Regulations and the risk of liability impel large corporations to change their practices, but even minimal regulations are being undermined (go.nature.com/3yb96kq). Although such deterrents can result in measurably improved outcomes, given the prevalence of facial-analysis technology, the changes that have the most long-term impact are likely to come from shifting public attitudes — something that I think Buolamwini and Gebru’s study has influenced both directly and indirectly. The work even became the subject of the 2020 documentary film Coded Bias (go.nature.com/3fashnf). Unfortunately, the authors (like many other Black female scholars) have also been overlooked by mainstream media: a 2021 television segment on racial bias in facial-analysis technologies, for example, failed to recognize their work and that of their collaborators (go.nature.com/3satrp8).

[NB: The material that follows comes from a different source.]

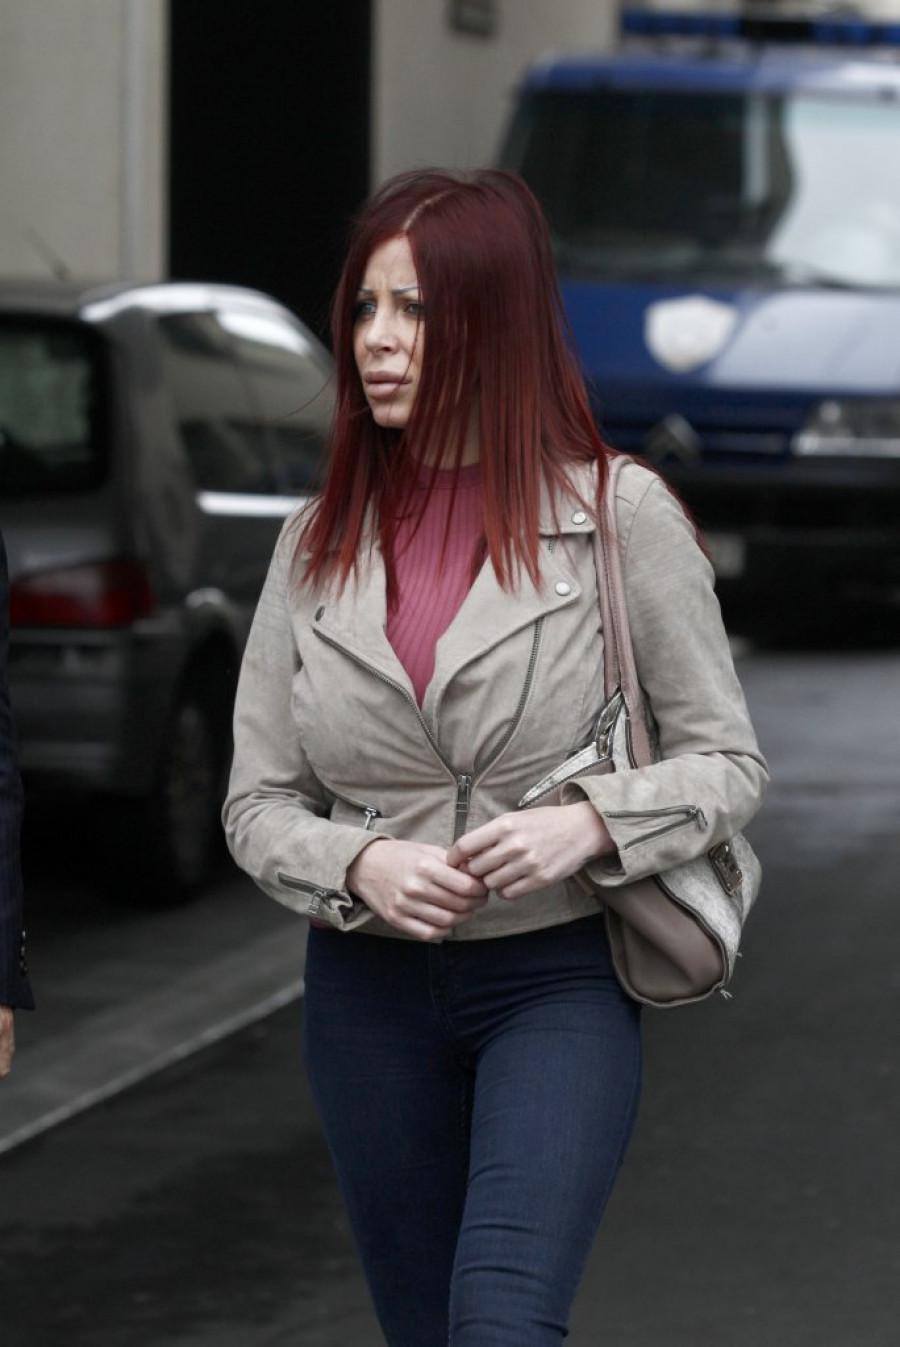 Republika / SUĐENJE KRALJICI SILIKONA - Svedok ispričao: Tijana Đuričić je  htela da me kolje, a tek šta mi je radila njena majka!

Over the past few years, the conversation initiated by this work has shifted from a focus on the accuracy and performance of facial-recognition algorithms to larger and more-fundamental questions around surveillance technology. The question of accuracy becomes meaningless when this technology is used to supposedly measure internal behaviours from outward appearances. In fact, ‘accurate’ representation boils down to reducing these behaviours to outdated social stereotypes⁵.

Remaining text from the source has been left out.